# "lower level" sshd



## Seeker (Apr 15, 2011)

How to setup home desktop server, to I could access it over ssh, in a "lower level"
That is, I could operate it, as I am physically at console, but remotely over ssh.
I would like to reboot into single user mode, do stuff there, reboot again is multi user mode, etc ..., all over ssh.

ATM, sshd is started upon start up of multi user mode and I can play over it, only from that point onward.
How would I implement "lower level"?


----------



## SirDice (Apr 15, 2011)

You can't. Single user means all processes are stopped, this will include sshd. When booting to single user mode the machine also won't have its network interfaces configured.

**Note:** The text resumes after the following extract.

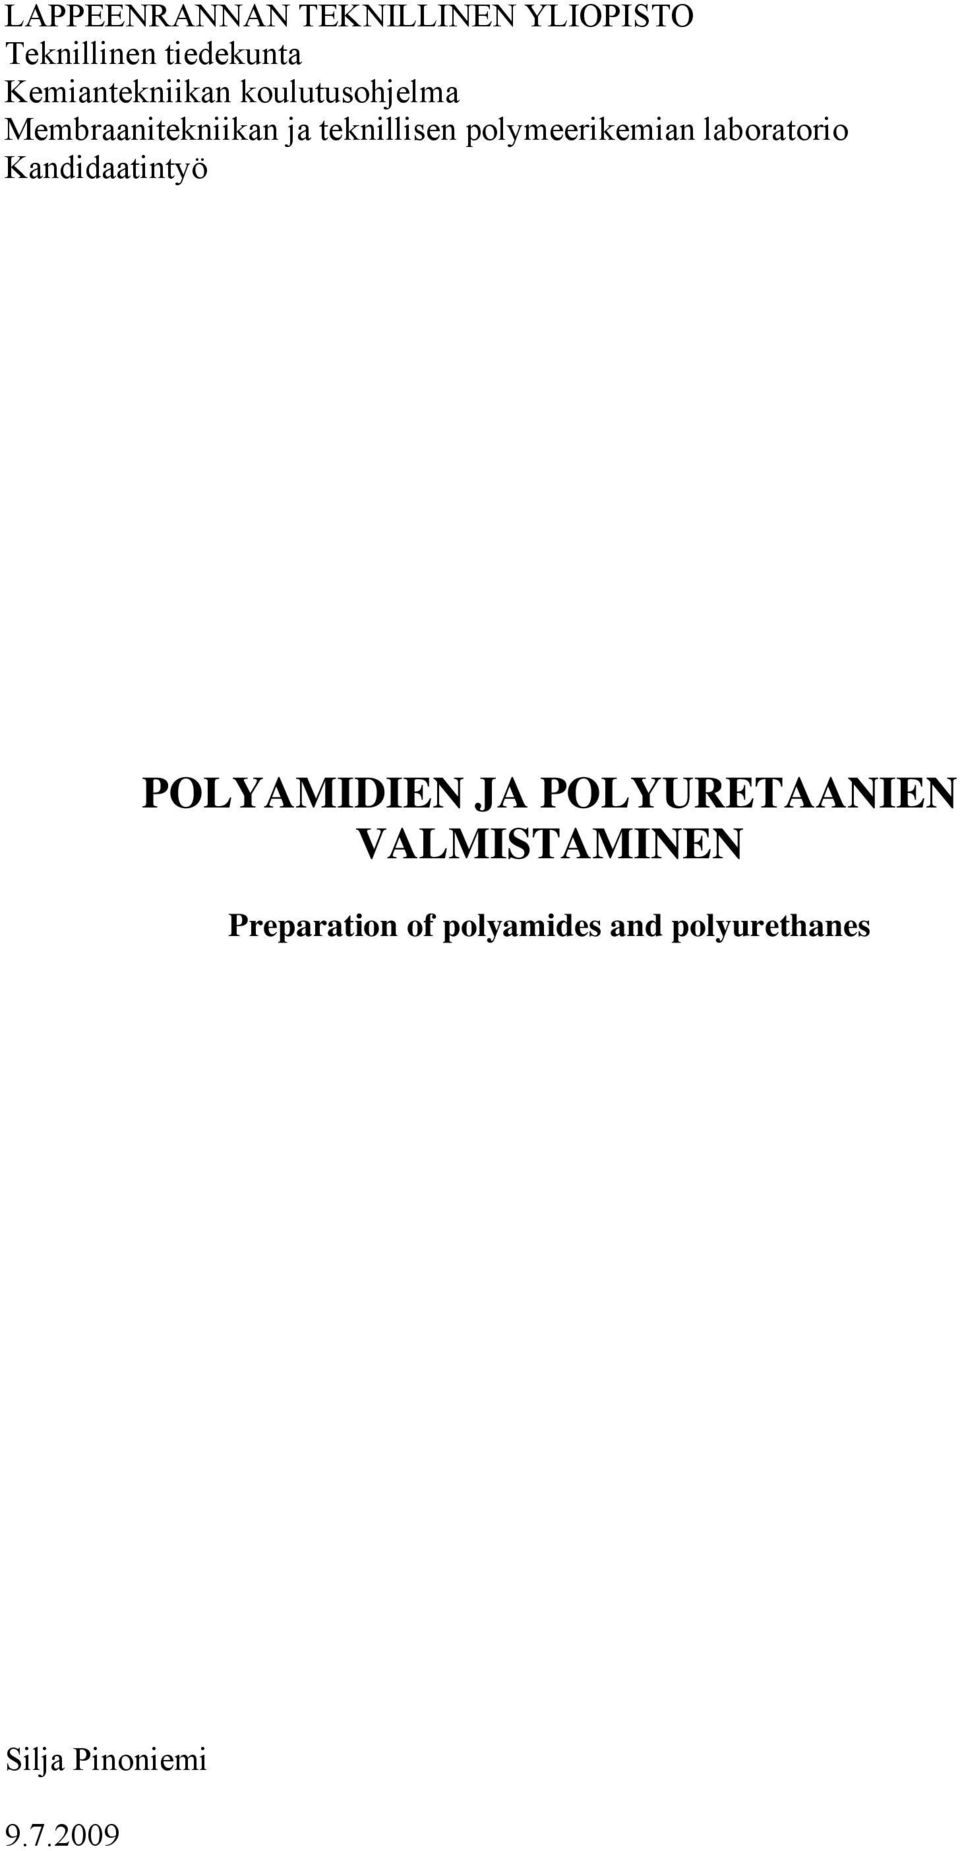 polymeerikemian laboratorio Kandidaatintyö POLYAMIDIEN JA
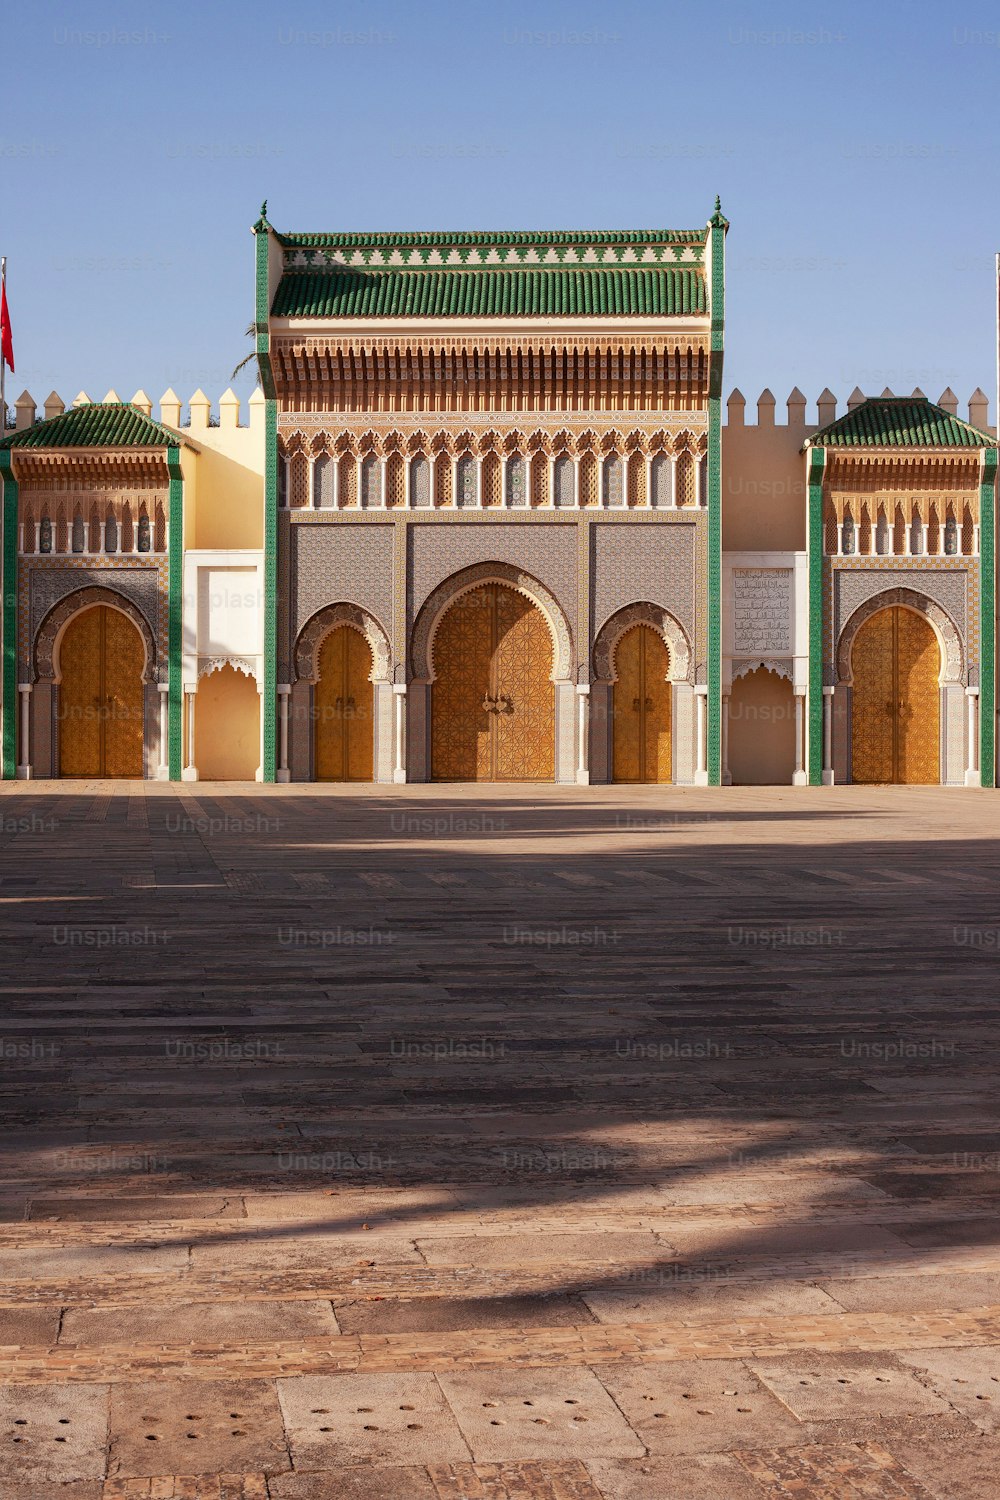 Una vista al aire libre del palacio real de Dar al-Makhzen del rey de Marruecos, ciudad de Fez, toma vertical

You can however use a serial console, this can be used in single user mode. How to set that up is covered in the handbook. If you have 2 servers (or just 2 machines) you can 'cross' both serial consoles as most machines usually have 2 serial ports. You can access machineA using ssh and then use the serial console to access machineB.


----------



## da1 (Apr 15, 2011)

About a year ago I was asking the same questions. The answer for me was KVM over IP but since it was a bit expensive (around 1500E) I didn't buy it.

BTW, I still have remotely administered machines and the way I go about it, when it comes to single user mode, is to call someone there . Usually, I'm quite careful not to bring the system to its knees (single user mode, that is).

Of course, Sir Dice's variant is a LOT cheaper


----------



## phoenix (Apr 15, 2011)

Get a motherboard that supports IPMI, and you will usually get SoL (serial port over lan) access to it.  Depending on the management chip, you can even get console redirection so you can get into the BIOS over the network.  Some require the use of proprietary management software, while others will let you SSH into the management chip, and others use standard IPMI (so you can use ipmitool from a Unix station).  Most of these also support power management, so you can reset, power off, power on, power cycle the system.

If you need remote access to a system, you really can't beat an IPMI management chip.

A small laptop connected via serial cable, with a networked power bar, and Wake-on-LAN enabled, is a close runner-up.    You won't be able to modify the BIOS remotely, but you will be able to power cycle the box, connect via serial console, and view everything from the loader menu onward.  Works pretty well.  I configured a couple of servers with laptops like this for clients, as they had the parts available, and no budget for buying new motherboards.


----------



## UNIXgod (Apr 15, 2011)

And here is a link =)
http://www.freebsd.org/doc/en_US.ISO8859-1/books/handbook/serialconsole-setup.html


----------



## Seeker (Apr 16, 2011)

Thx, crew_!_
You were very helpful.
I'll study, each option.


----------